I was physically incapable of caring for them on my own, and I had no idea what to do. They were already being fed on a schedule, with formula, by nurses, which went against all my ideas of how I would be feeding my babies in their first day of life. I assumed I'd be breastfeeding immediately after giving birth, would have them in my room, and would nurse them on demand. I felt overwhelmed.

There was a nice nurse who was taking care of them. I told her I wanted to try to nurse. She handed me one of the babies, who hereafter will be referred to as Sage. Sage was the smaller of the two babies, but he was born first, and is therefore the "older brother."

The nurse showed me how to hold his head and position him at the breast. I held him to me and he immediately started to fuss and cry.

"You need to bring him to the breast and guide it into his mouth. He wants guidance. That's why he's getting frustrated."

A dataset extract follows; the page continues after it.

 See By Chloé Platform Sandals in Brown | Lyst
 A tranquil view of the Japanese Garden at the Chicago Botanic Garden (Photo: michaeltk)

With a few more tries, we got Sage to latch on successfully. It hurt considerably less than I expected, and Sage sucked away. It was a stirring maternal scene.

Ty smiled.

And I felt like the biggest failure in the world. I knew that nothing was coming out of my breast. I knew that milk took a few days to come in, but shouldn't there be colostrum? Shouldn't I be able to feel something coming out?

To be continued.

10 Comments:

Blogger Tink said...

One of the things I love about you most is that you're so openly HUMAN. So many times, we put on fronts to seem more assured or braver than we really feel. You'll get the hang of it. You probably already have a bit by now. I'm so glad you're OK and the babies are healthy. You're going to be a great Momma.

12:06 PM  
Blogger Tits McGee said...

Oh, wow!

Wow, wow, wow, wow, wow!

Congratulations, Arabella! I am so happy for you and Ty and your beautiful new sons! I've been so wrapped up in my own busy-ness and haven't been around and now look at what I've missed!

What an ordeal! What a delight! I can't wait to hear the rest.

5:48 PM  
Anonymous Anonymous said...

It seemed (to me) forever before the milk came in but when it did...OMG! It was, as they say down here, a gusher. Be patient. Things are going to be great and you'll find your groove sooner than you think.

5:55 PM  
Blogger mamatulip said...

Ditto what Wordgirl said -- you will find your groove sooner than you think. It'll creep up on you, too -- one day you'll realize that you're in it, the groove, and you'll be all, "When did this happen?"

Hang in, honey.

7:57 PM  
Anonymous Anonymous said...

OMG Arabella, you have BABIES! Baby BOYS! With their sweet milky breath and their soft, soft skin! I am so happy for you, Ty, and the boys!

9:33 PM  
Blogger ptg said...

Holy cow!

10:50 AM  
Anonymous Anonymous said...

Congratulations on the twins!

12:59 PM  
Anonymous Anonymous said...

I've been thinking about you guys every day, especially this week because I'm at 36 weeks now and it makes it seem so much more real to know that this is when your little guys were born. Hope you're in a groove and everything is going great!

8:48 AM  
Blogger Mignon said...

Well it took me FOREVER to find my groove, but I'm wondering if you're forced into a groove sooner when you've got to double everything?? I remember at two weeks I could finally nurse without it being a gigantic fucking mess and over-produced Hollywood drama. Which is not to say I was in a groove at that point... maybe 4 or 6 weeks?

Please tell me more - I wanna know those little guys are yanking and pulling at you to get the good stuff. (Somebody did come along and tell you there's nothing to feel come out for a couple days, right? And that the total quantity of colustrum would fill a thimble?)

5:32 PM  
Blogger DebbieDoesLife said...

I'm so glad you stood up to that nurse. What a witch!

Hang in there. It will get better. Luckily, your babies sound well cared for and you will feel better with each passing day.

I found breast feeding very challenging. If it works, great but if it doesn't don't beat yourself up about it.